Referring now to Figure 18, in a further embodiment of the ignitor of the present invention, the outer electrode casing 148 is threadably connected to the end connector assembly 128 of the body portion 120. A swaged electrical connection is formed by the center connector assembly 132 receiving the split electrode terminal end 224 which is manufactured to incorporate a radial, outward spring force to ensure good electrical connection.
Figure 19 depicts another alternate embodiment of the ignitor of the present invention which permits the use of a standard ignition wire and merely requires insertion of the ignitor between the ignition wire and the spark plug- Rather than connecting the power supply cable (not shown) directly to the connector assembly 138, an electrically conductive external terminal 230 is provided, one end of which is threadably received in the connector assembly 138, the other end 232 thereof being configured to provide a snap-fit connection with a standard ignition wire boot. A layer 234 of insulating material
extends throughout a substantial portion of the length of the terminal 230.
Figure 20 depicts still another alternate embodiment of the ignitor of the present invention, which incorporates an alternate means of releasably holding the electrode portion or spark plug 124 within the body portion 120 of the ignitor.

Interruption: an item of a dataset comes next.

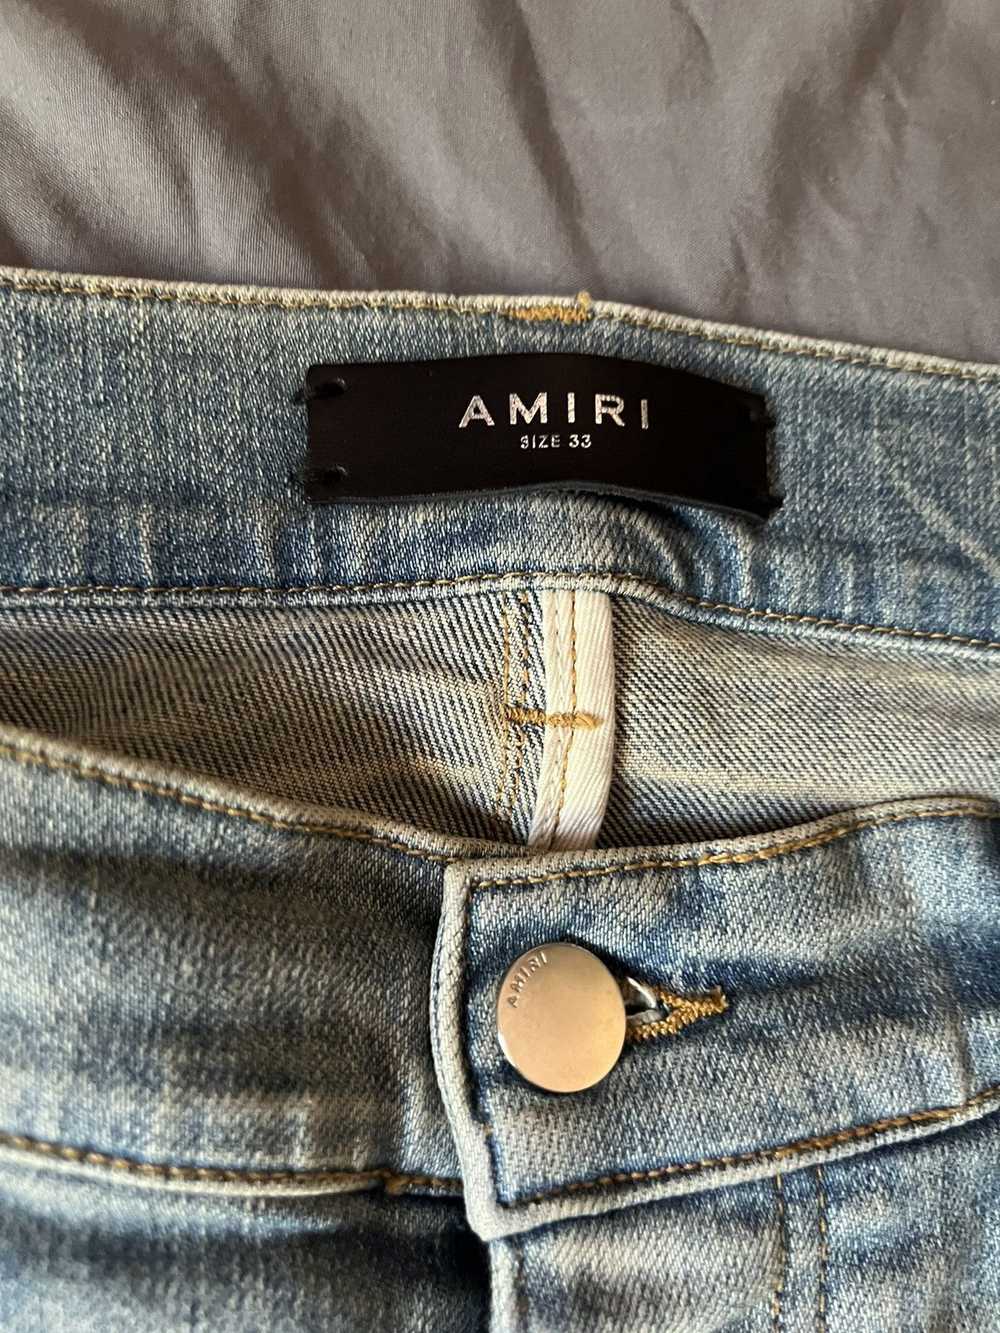 Amiri Amiri jeans - image 3
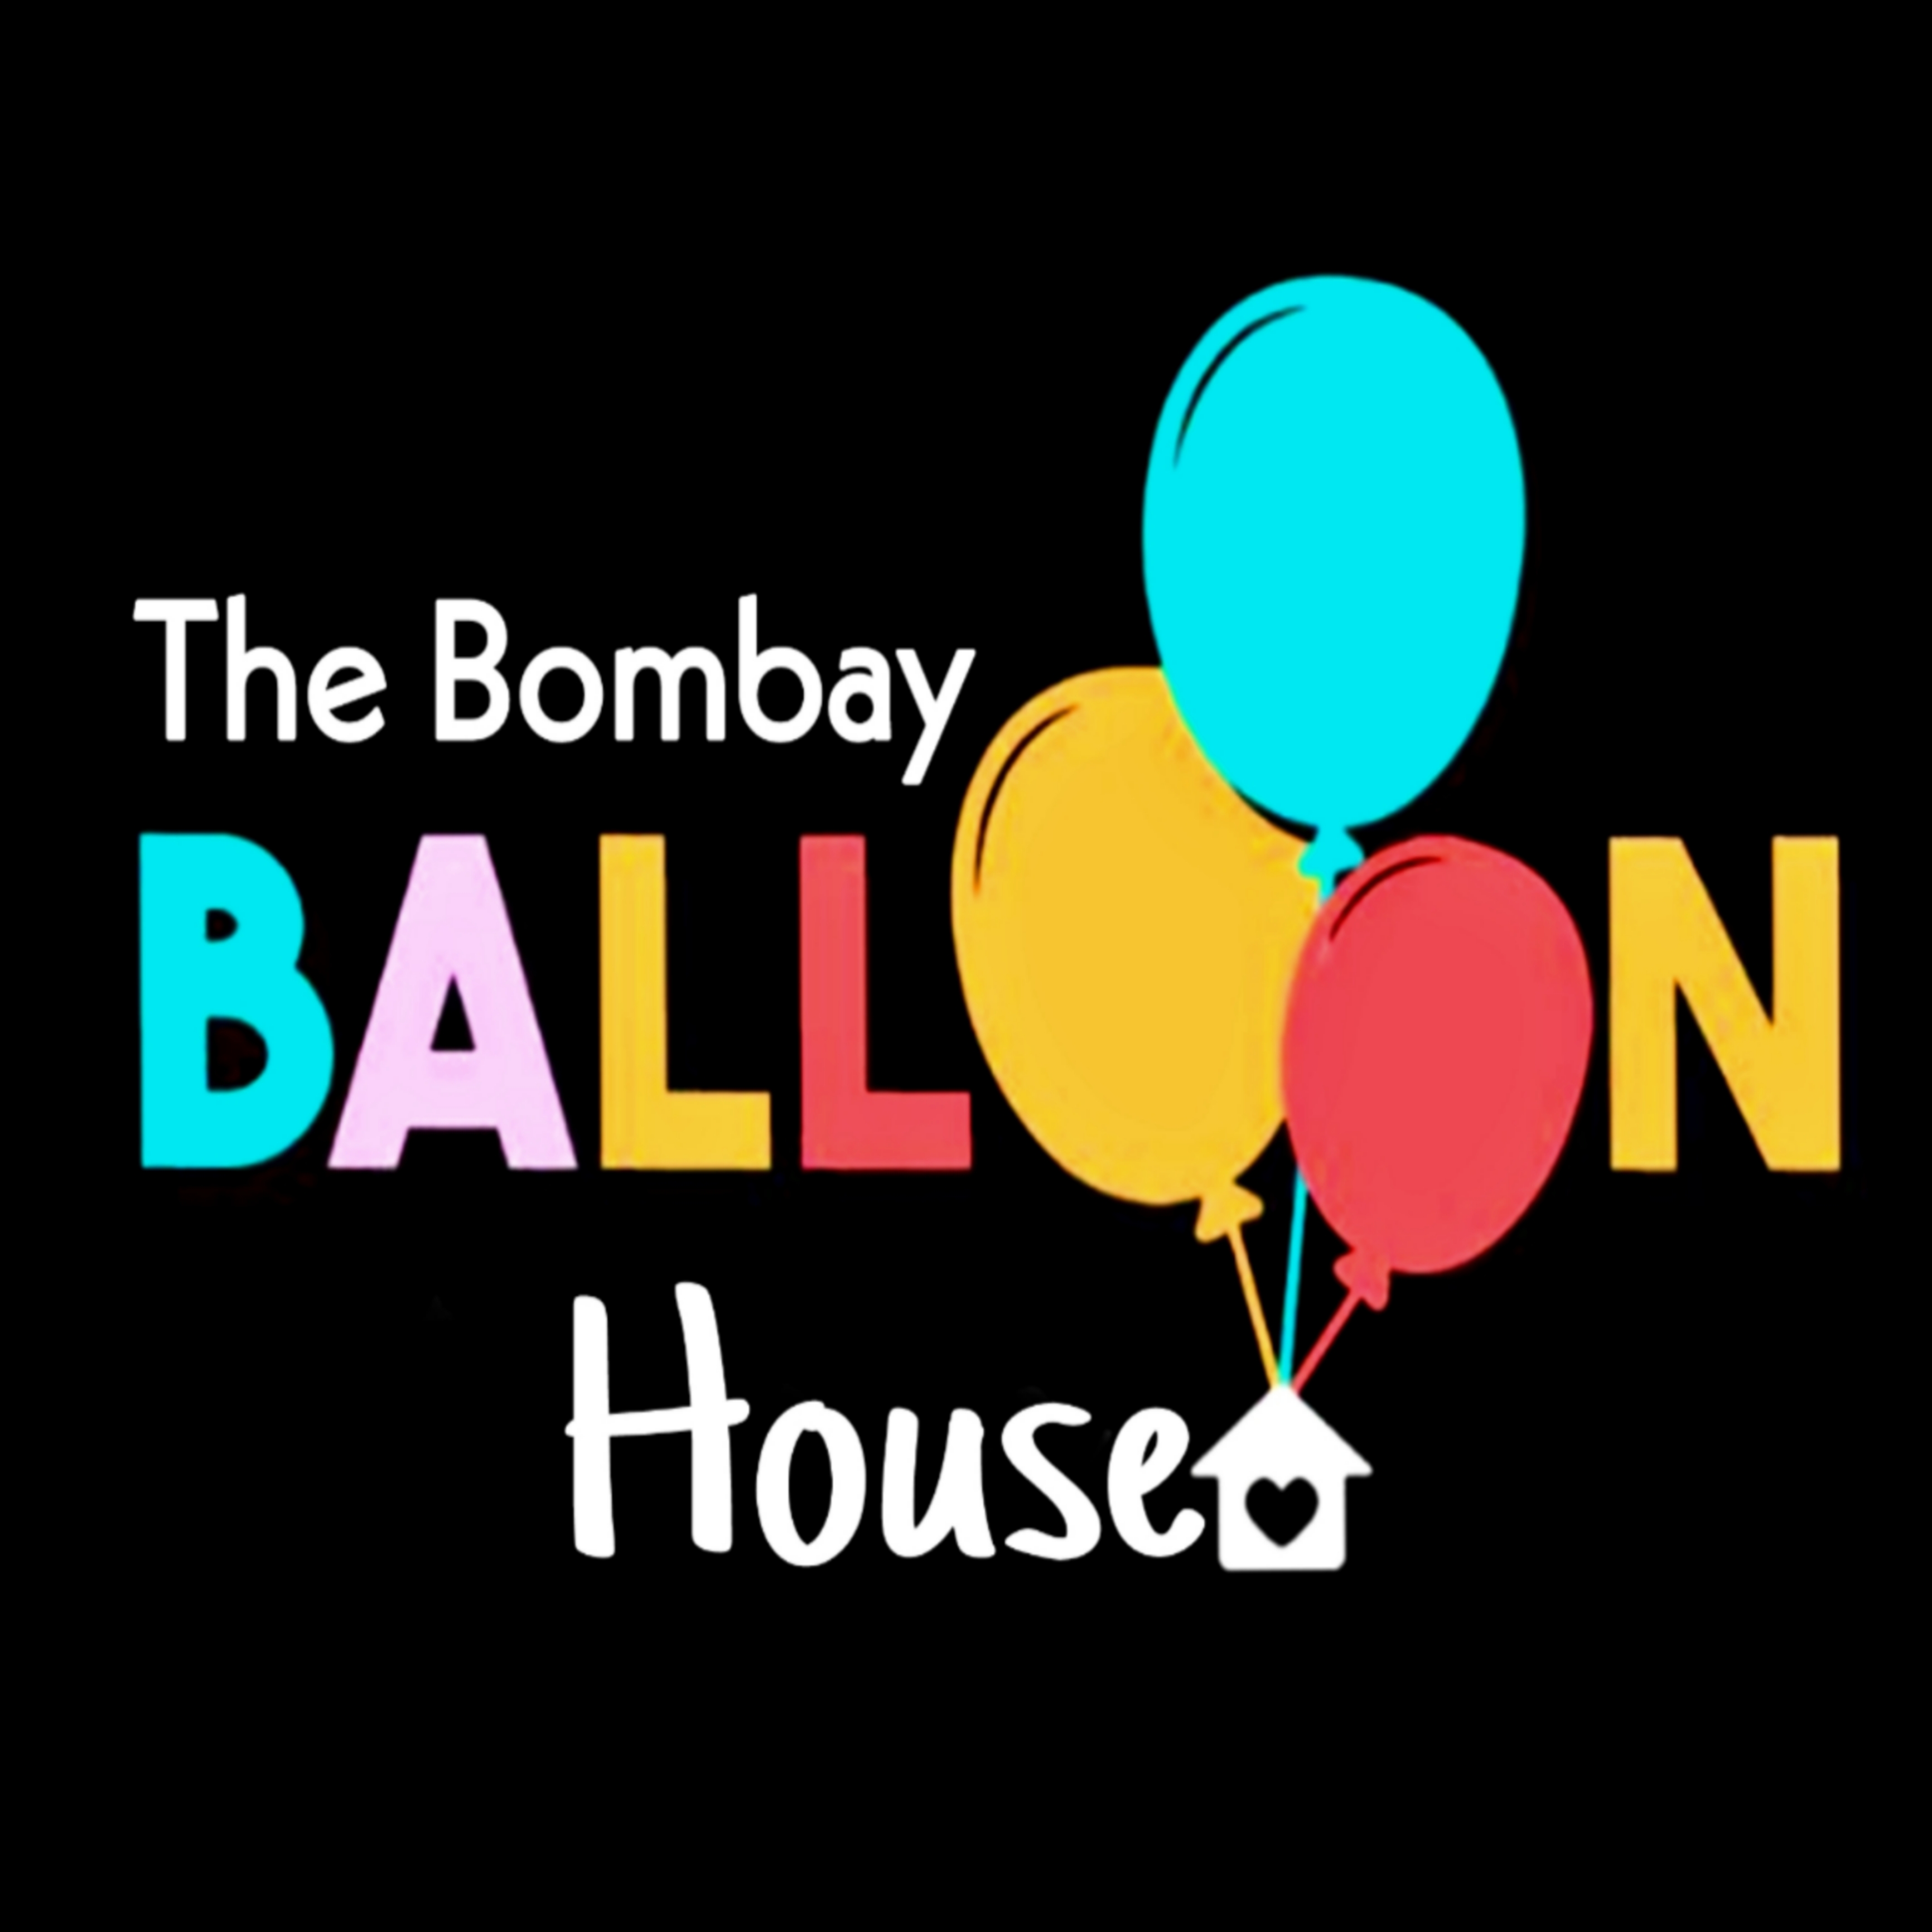 The Bombay Balloons House logo

An electrical connector 238 is biased toward the terminal head 246 of the spark plug 124 by means of a compression spring 240. Secured at the lower end of the shell portion 126 of the body 120 is a retainer ring 236. The retainer ring 236, whose details are depicted in Figure 21, includes a first hexagonal opening 238 configured to receive the hexagonal wrench flats 248 of the spark plug 124. A second, star-shaped opening 240 overlies the hexagonal opening 238 and is defined by intersecting sides which form shoulders 250 which function to engage and retain a flange 252 on the spark plug 124. The spark plug 124 is installed by passing it through the first hexagonal opening 238 and then twisting it slightly until a portion of the flange 252 at the corner of the hexagonal wrench flats 248 rests upon the shoulder 250.
Having thus described the invention, it is recognized that those skilled in the art may make various modifications or additions to the preferred embodiment chosen to illustrate the invention without departing from the spirit and scope of the present contribution to the art. For example, either more or less than four capacitor plates may be employed to form the capacitive device. The ignitor may be made such that the electrode portion is non-removable from the body portion containing the capacitor. The various conductors, including the capacitor plates, can be made of any good conducting materials other than brass, for example copper, steel, aluminum or other alloys. The dielectric material employed in the capacitor may be of a polyamide, polyester or other film dielectric impregnated with epoxy, silicone or other
potting compounds. The dielectric material may or may not include an impregnate wicking material such as kraft paper, Nomex™ or other fibrous, porous material. The capacitor dielectric material may also simply comprise a potting compound without the use of further materials or may comprise a thermoplastic-type dielectric material. As described above, any of the conductors, including the capacitor plates, may be made from a metal foil or a vapor-deposited metal which does not itself form a structural component of the ignitor.
Accordingly it is to be understood that' - the protection sought and to be afforded hereby should be deemed to extend to the subject matter claimed and all equivalents thereof fairly within the scope of the invention.